The $300 million contract was awarded to the two-year-old Whitefish, Montana firm with just two full-time employees and without a competitive bidding process, according to media reports. Interior Secretary Ryan Zinke, also from Whitefish, assured President Trump he had “no role” in the selection of the company.

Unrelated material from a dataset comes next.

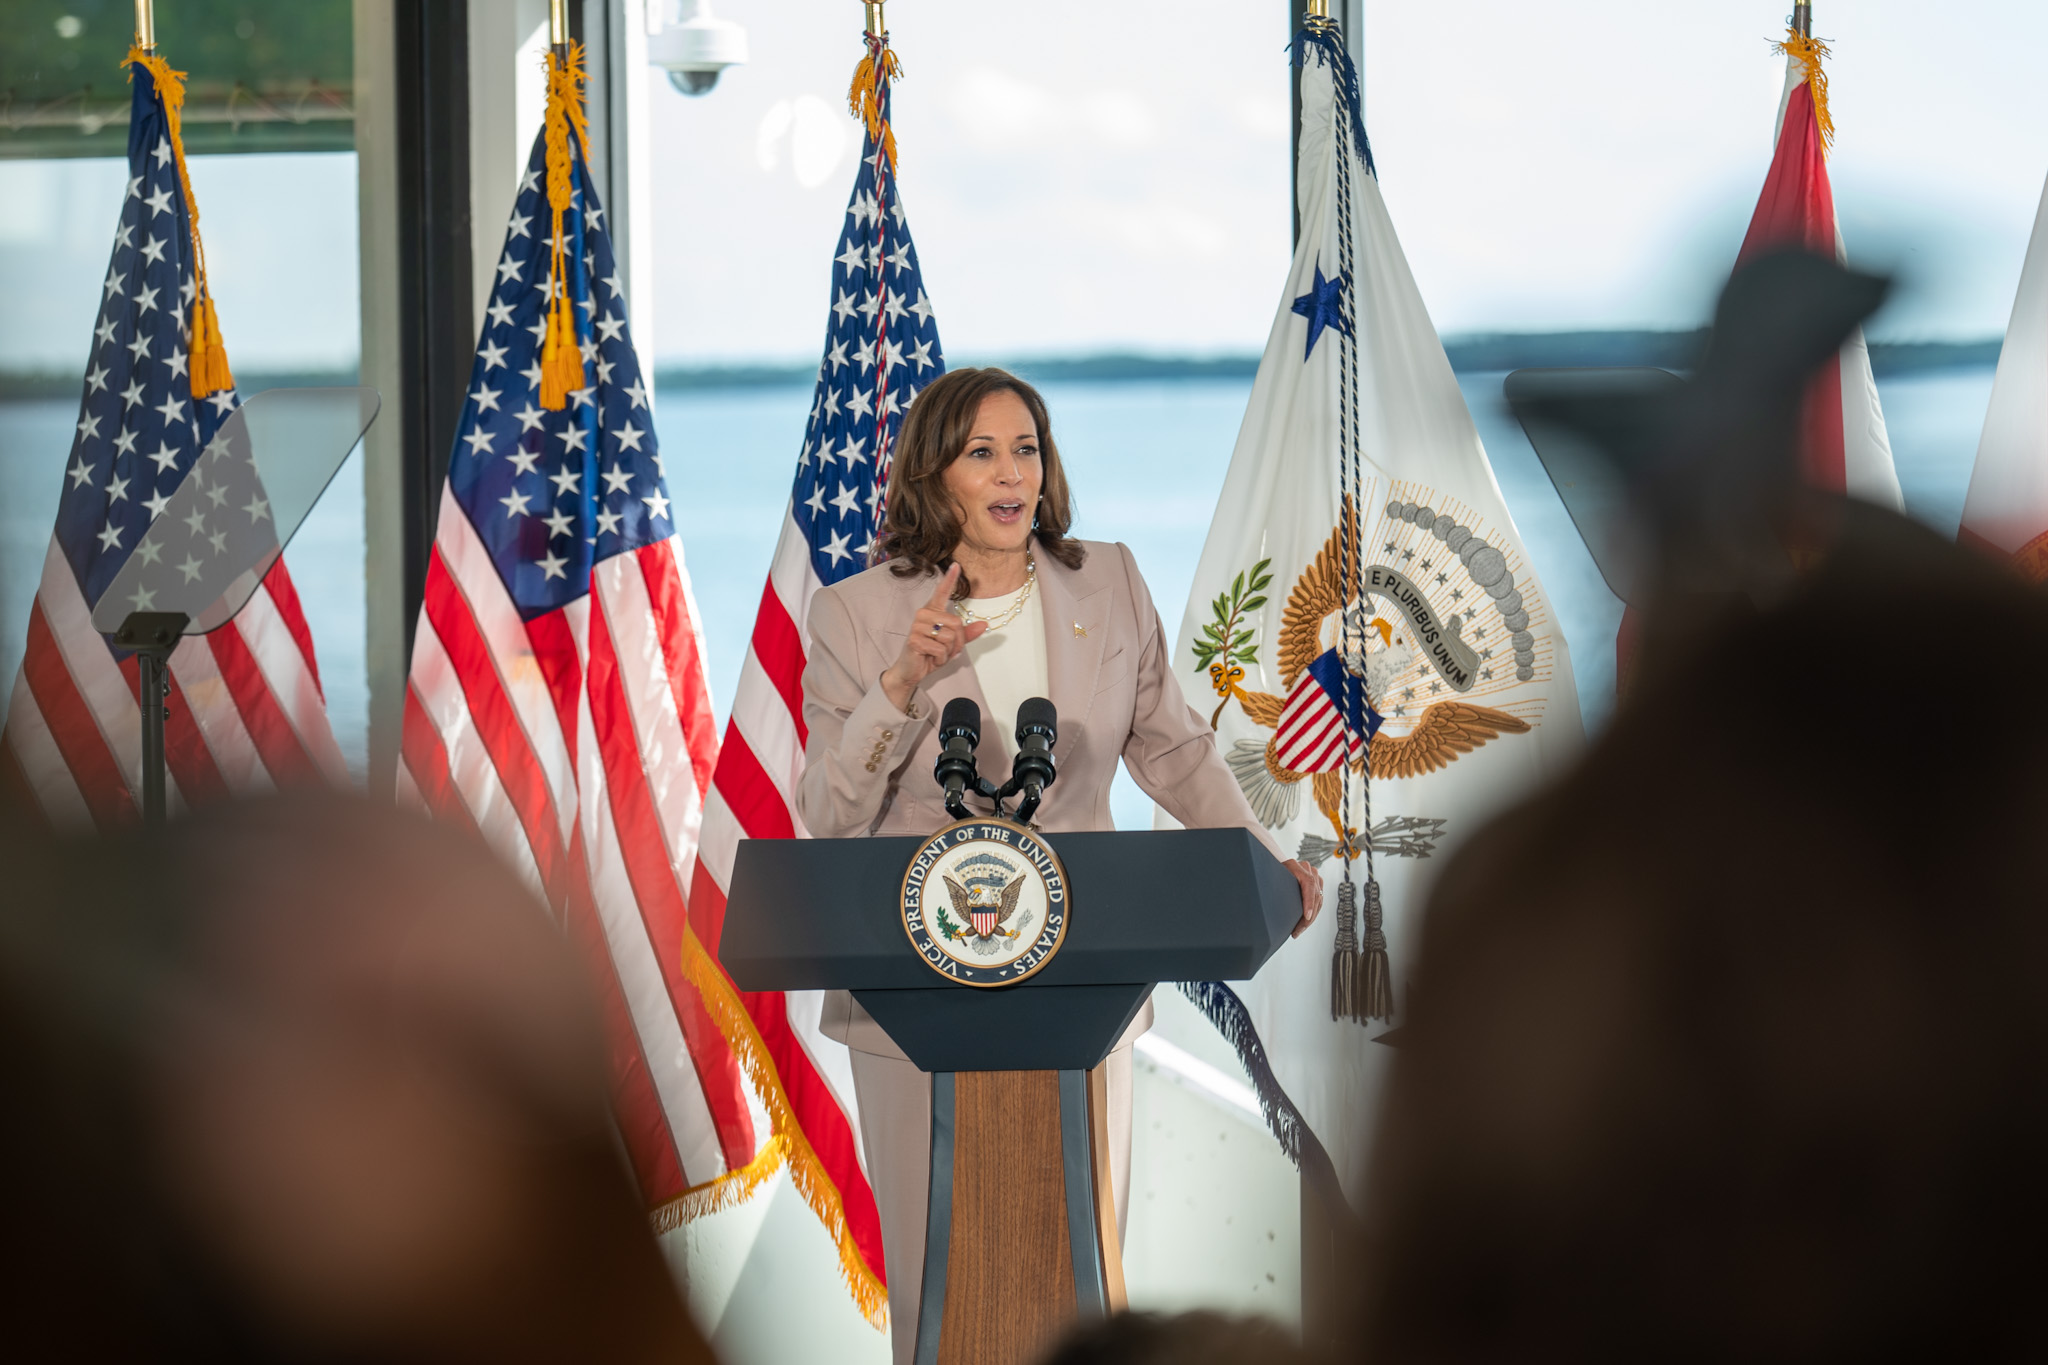 Vice President Kamala Harris on Twitter: "The climate crisis poses a rising  threat to coastal communities. Today, I visited Miami to announce $562  million to reduce the impact of storm surges, hurricanes,

As of Thursday, barely 25% of the island has power, though 75% finally have clean water.
Wall Street
The big news of the week was two-fold, the spectacular earnings and share performance of some of the biggest tech names, and the U.S. economy growing at 3% for a second consecutive quarter, the first time for this since Q2 and Q3 2014 (4.6% and 5.2%, respectively, back then).
Gross domestic product had been expected to increase in the third quarter at a 2.5% to 2.7% clip, but came in at 3.0%, after expanding at a 3.1% pace in the second quarter, the Commerce Department reported.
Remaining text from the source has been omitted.